── Source data ──

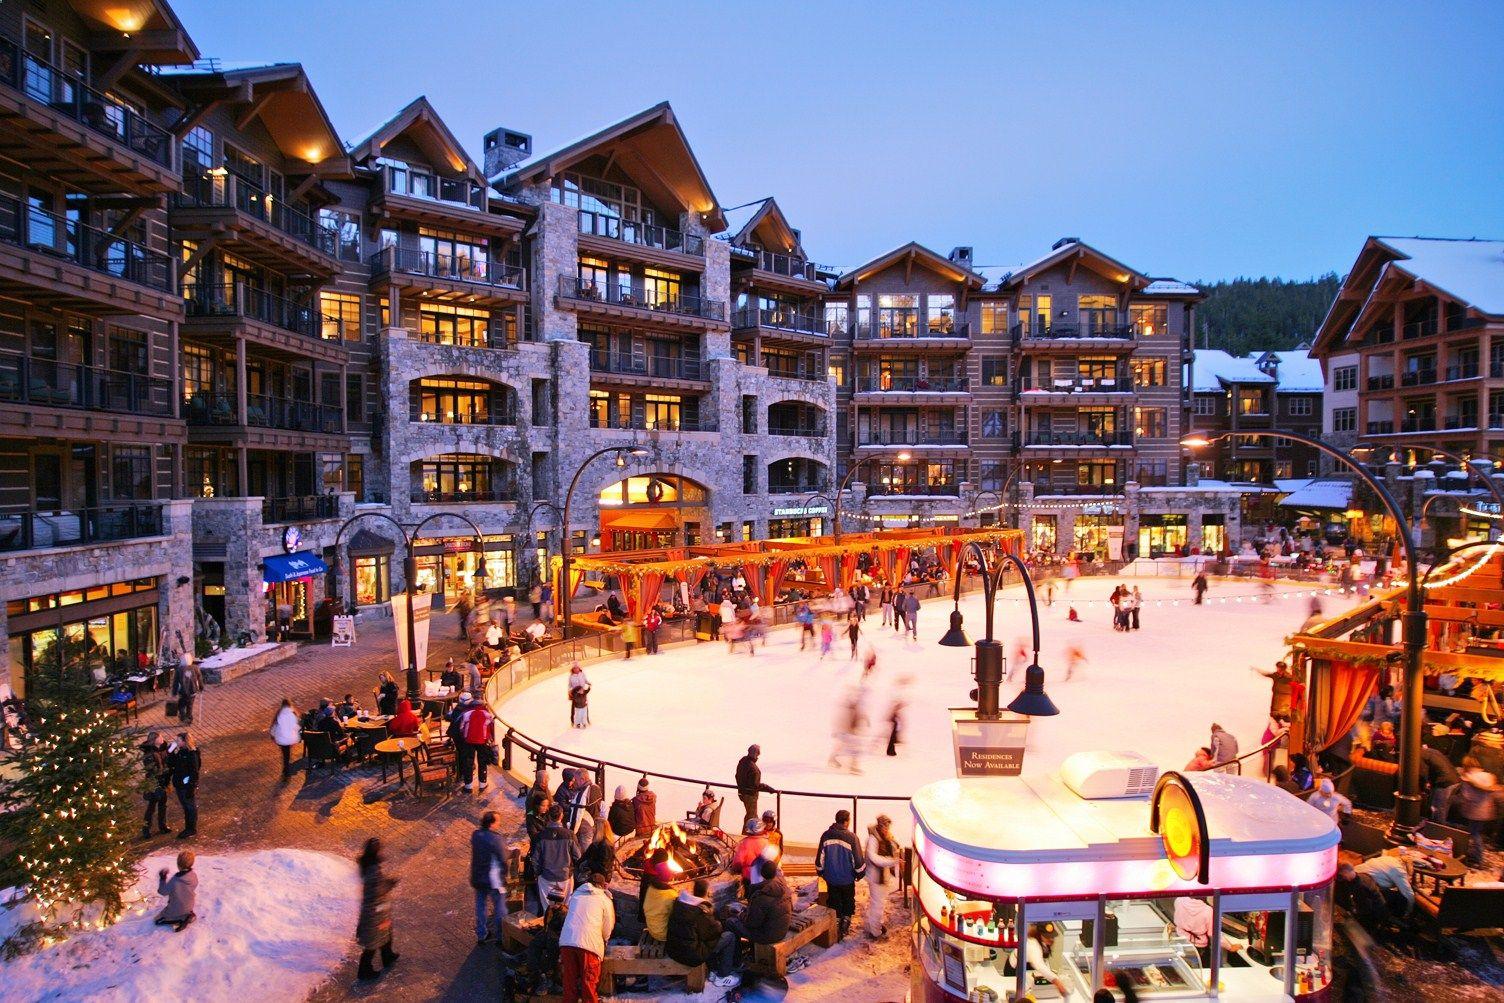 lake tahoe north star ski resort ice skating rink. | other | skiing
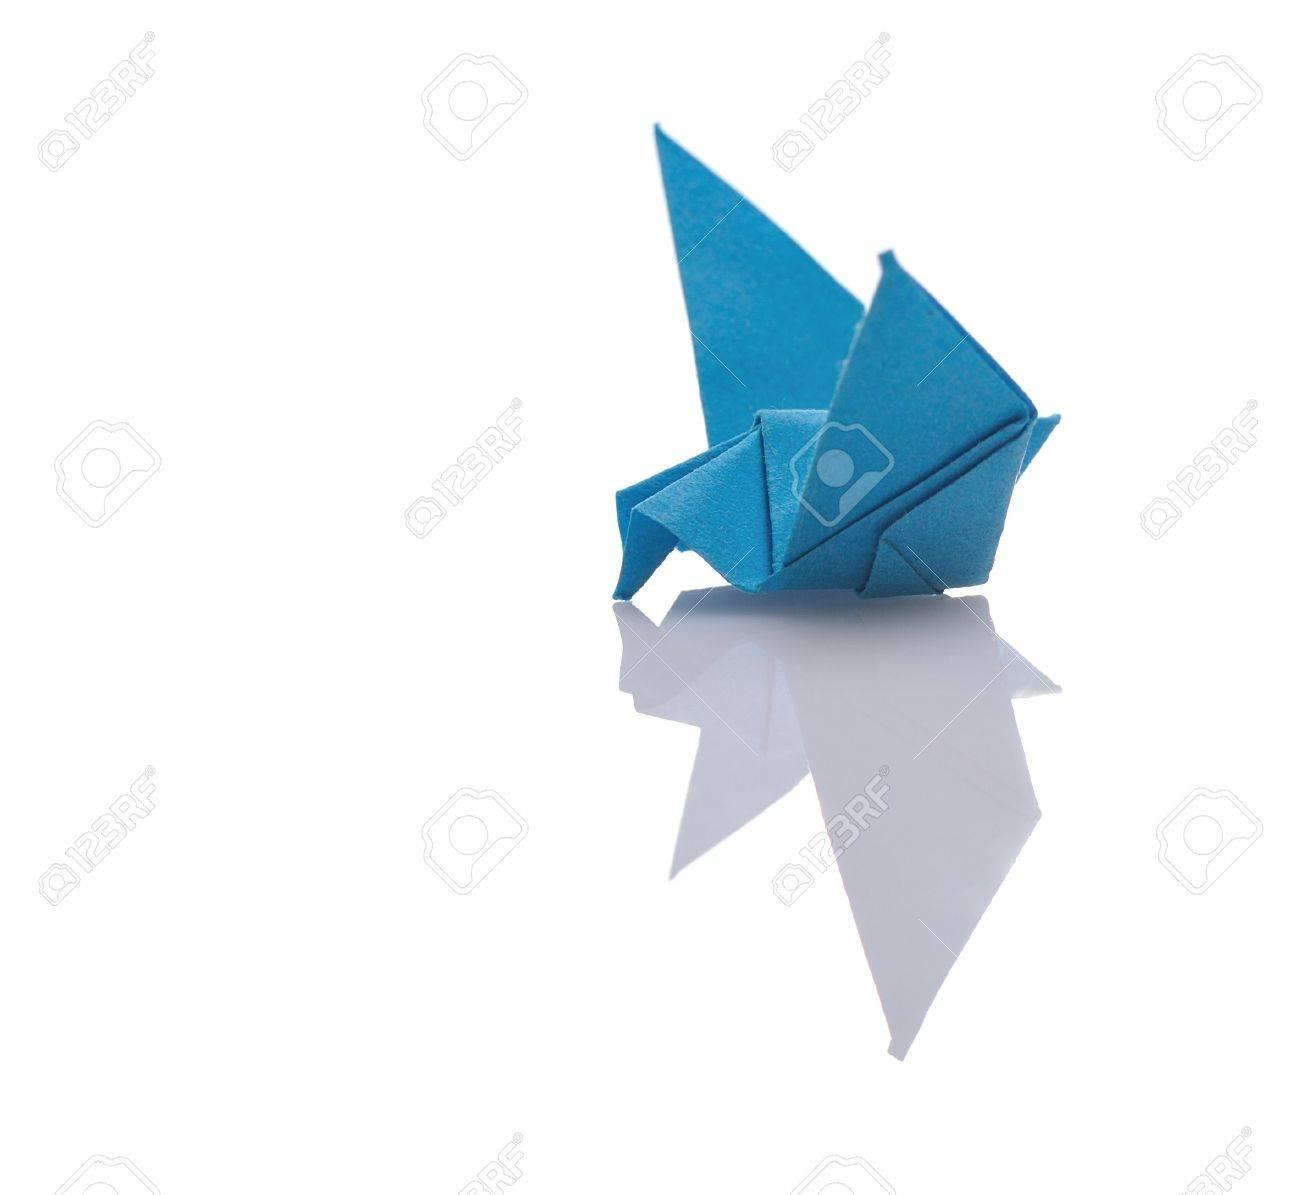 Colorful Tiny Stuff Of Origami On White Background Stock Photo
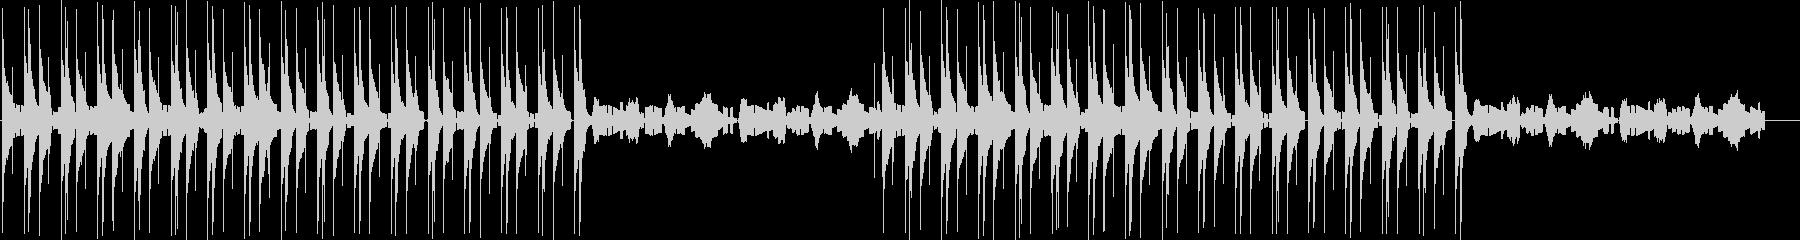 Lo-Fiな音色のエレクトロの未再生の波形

───

Leave out the pictures and reproduce the rest of the listing exactly.

## Result of this task
 lake tahoe north star ski resort ice skating rink. | other | skiing
 Colorful Tiny Stuff Of Origami On White Background Stock Photo
 Lo-Fiな音色のエレクトロの未再生の波形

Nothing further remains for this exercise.